Hypervisor 2, pveversion details:

Code:

proxmox-ve: 7.2-1 (running kernel: 5.15.39-1-pve)
pve-manager: 7.2-11 (running version: 7.2-11/b76d3178)
pve-kernel-5.15: 7.2-13
pve-kernel-helper: 7.2-13
pve-kernel-5.4: 6.4-18
pve-kernel-5.15.64-1-pve: 5.15.64-1
pve-kernel-5.15.60-2-pve: 5.15.60-2
pve-kernel-5.15.39-1-pve: 5.15.39-1
pve-kernel-5.4.189-2-pve: 5.4.189-2
pve-kernel-5.4.73-1-pve: 5.4.73-1
ceph-fuse: 15.2.17-pve1
corosync: 3.1.5-pve2
criu: 3.15-1+pve-1
glusterfs-client: 9.2-1
ifupdown: residual config
ifupdown2: 3.1.0-1+pmx3
ksm-control-daemon: 1.4-1
libjs-extjs: 7.0.0-1
libknet1: 1.24-pve1
libproxmox-acme-perl: 1.4.2
libproxmox-backup-qemu0: 1.3.1-1
libpve-access-control: 7.2-4
libpve-apiclient-perl: 3.2-1
libpve-common-perl: 7.2-3
libpve-guest-common-perl: 4.1-4
libpve-http-server-perl: 4.1-4
libpve-storage-perl: 7.2-10
libqb0: 1.0.5-1
libspice-server1: 0.14.3-2.1
lvm2: 2.03.11-2.1
lxc-pve: 5.0.0-3
lxcfs: 4.0.12-pve1
novnc-pve: 1.3.0-3
proxmox-backup-client: 2.2.7-1
proxmox-backup-file-restore: 2.2.7-1
proxmox-mini-journalreader: 1.3-1
proxmox-widget-toolkit: 3.5.1
pve-cluster: 7.2-2
pve-container: 4.2-3
pve-docs: 7.2-2
pve-edk2-firmware: 3.20220526-1
pve-firewall: 4.2-6
pve-firmware: 3.5-6
pve-ha-manager: 3.4.0
pve-i18n: 2.7-2
pve-qemu-kvm: 7.0.0-4
pve-xtermjs: 4.16.0-1
qemu-server: 7.2-4
smartmontools: 7.2-pve3
spiceterm: 3.2-2
swtpm: 0.7.1~bpo11+1
vncterm: 1.7-1
zfsutils-linux: 2.1.6-pve1

The vm details:

Code:

agent: 1,fstrim_cloned_disks=1
boot: cdn
bootdisk: scsi0
cores: 1
cpu: Haswell-noTSX,flags=+aes
cpuunits: 1000
ide2: none,media=cdrom
memory: 1024
name: xxxx
net0: virtio=8e:06:85:ca:54:48,bridge=,firewall=1,rate=12.5
numa: 0
onboot: 1
ostype: l26
scsi0: xxx.qcow2,cache=writeback,discard=on,size=100G,ssd=1
scsihw: virtio-scsi-pci
smbios1: uuid=c4ce01af-18c2-42ee-90a9-ca90a6426347
sockets: 1
vmgenid: f03d920a-de6f-430d-8762-663ea43e1811

The spike which we seeing in cpu usage:

Any ideas what can cause this?

Moayad · Nov 4, 2022

Hi,

Ahmet Bas said:
cpu: Haswell-noTSX,flags=+aes

Can you try to set the CPU to Host instead of `Haswell-noTSX,flags=+aes` and see if this did the trick?

Ahmet Bas · Nov 4, 2022

Moayad said:
Hi,

Can you try to set the CPU to Host instead of `Haswell-noTSX,flags=+aes` and see if this did the trick?

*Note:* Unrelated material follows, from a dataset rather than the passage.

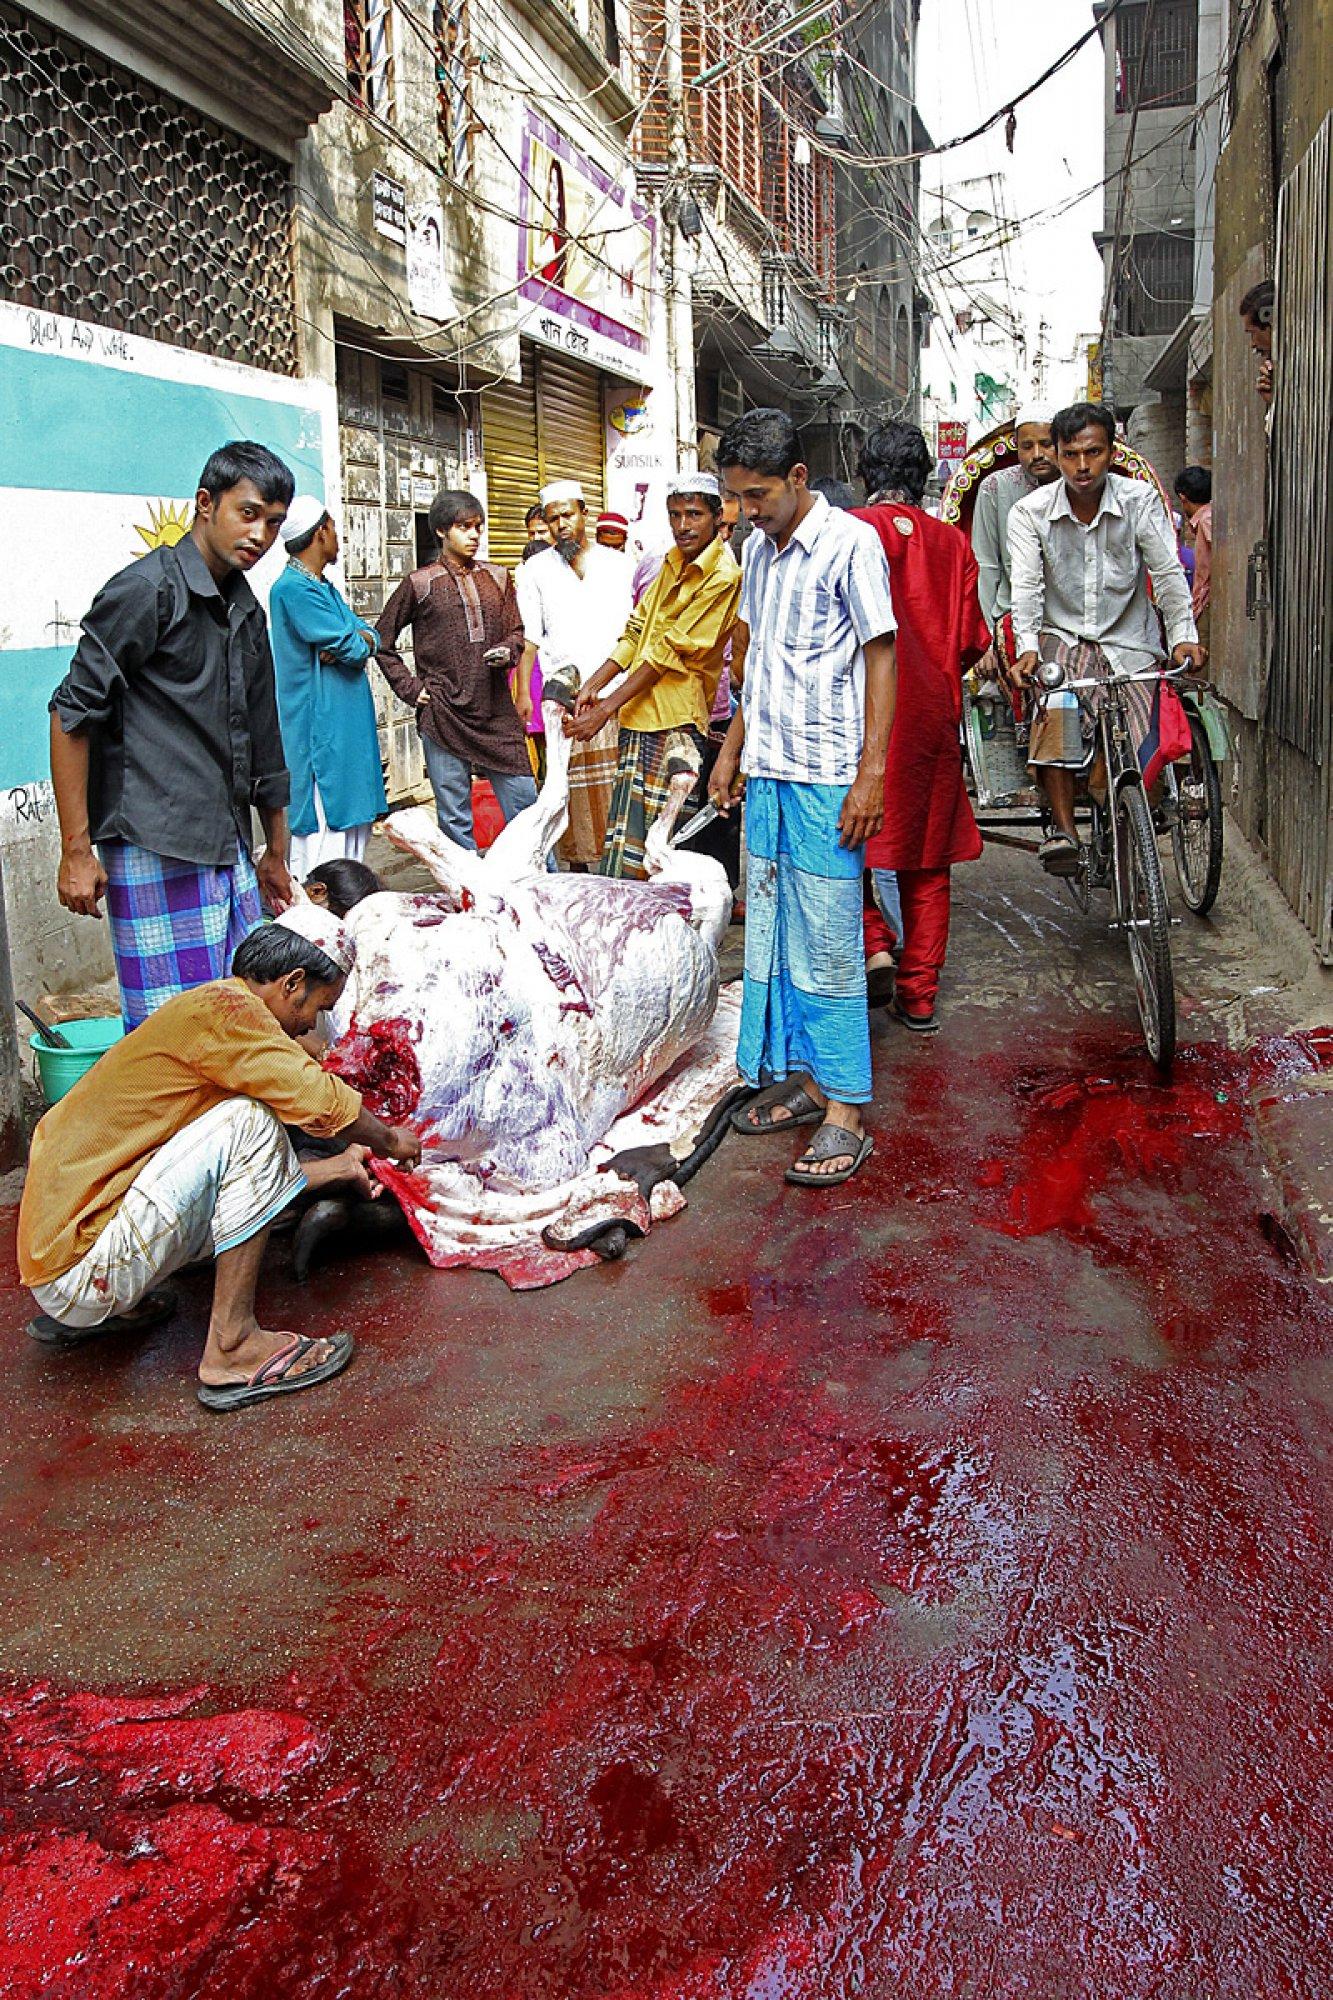 https://bubo.sk/uploads/galleries/7333/dusan-valovic-banglades-sviatok-obetovania-1.jpg

I have changed the type to "host" but the same issue.

Ahmet Bas · Nov 4, 2022

Also tried to change kernel 5.15 to 5.19, but did not make any chance with the result. The VM becomes unreachable after the hot-migration.

Moayad · Nov 4, 2022

Hello,

I would check the syslog/journalctl during the migration process. Can you provide us with the full task log of the migration?

Ahmet Bas · Nov 4, 2022

Moayad said:
Hello,

I would check the syslog/journalctl during the migration process. Can you provide us with the full task log of the migration?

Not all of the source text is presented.